Troubleshooting the "Unable to decode" (IdP 3.3)

O'Dowd, Josh Josh.O'Dowd at mso.umt.edu
Wed Aug 30 17:57:57 EDT 2017


Thanks Scott,


> I think it's pretty likely that something out there is accessing a URL on this server that's perhaps improperly being stuck behind the SP and is triggering a redirect that the "something" is handling badly and corrupting before following it to the IdP and then it plays a corrupt request. I don't think there's much beyond that that's knowable, but perhaps getting the user agent from a log entry would be interesting.

Well this leads me back to the other really "odd" component in this issue, that the ${idp.remote_addr} is coming in from a subnet (173.252.95.x) that is registered to Facebook, though the "issuer" in the SAMLRequest is definitely one of our local SPs.  I am still trying to get some clarity on why that is, from our sysadmin group, but I am getting crickets instead.  I no longer suspect Facebook is involved, here but all the requests coming in from our other local SPs are from our internal IP ranges.
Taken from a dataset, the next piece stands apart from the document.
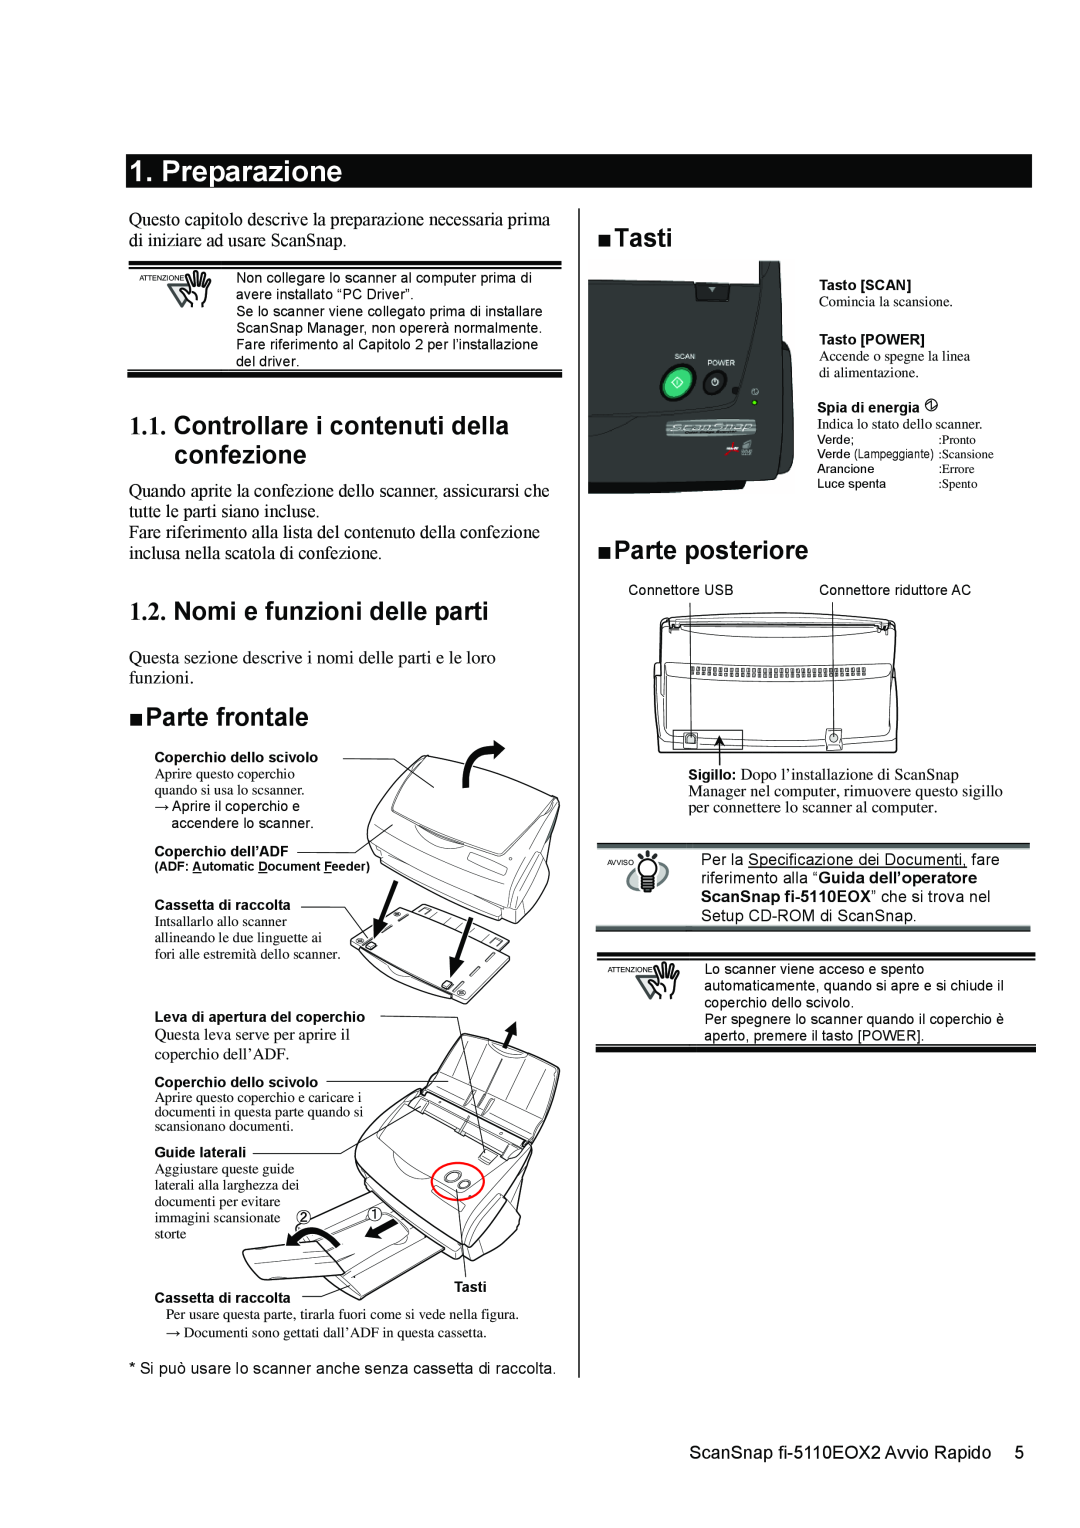 Fujitsu fi-5110EOX2 Preparazione, Controllare i contenuti della confezione, Nomi e funzioni delle parti, „ Parte frontale

> Well, that rules out "all requests from it fail" or you'd probably know about it

That's just it, we aren't getting any service complaints, just a bunch of errors on the IdP, and YES, ALL of the requests are coming from those external odd IP addresses.  I confirmed that our idp-audit logs show no attribute releases to those IPs.

> Being that it's local I suppose you can get them to stop signing since there's no reason to be.

The local SP admins for these particular services are in the process of replacing the SP servers in the coming months, and they are removing Apache/Shibd and switching authn to CAS protocol requests from the  webapps(not worth explaining here), so much of this will be moot in the near future.  I am still happy to see if they will stop signing SAML requests.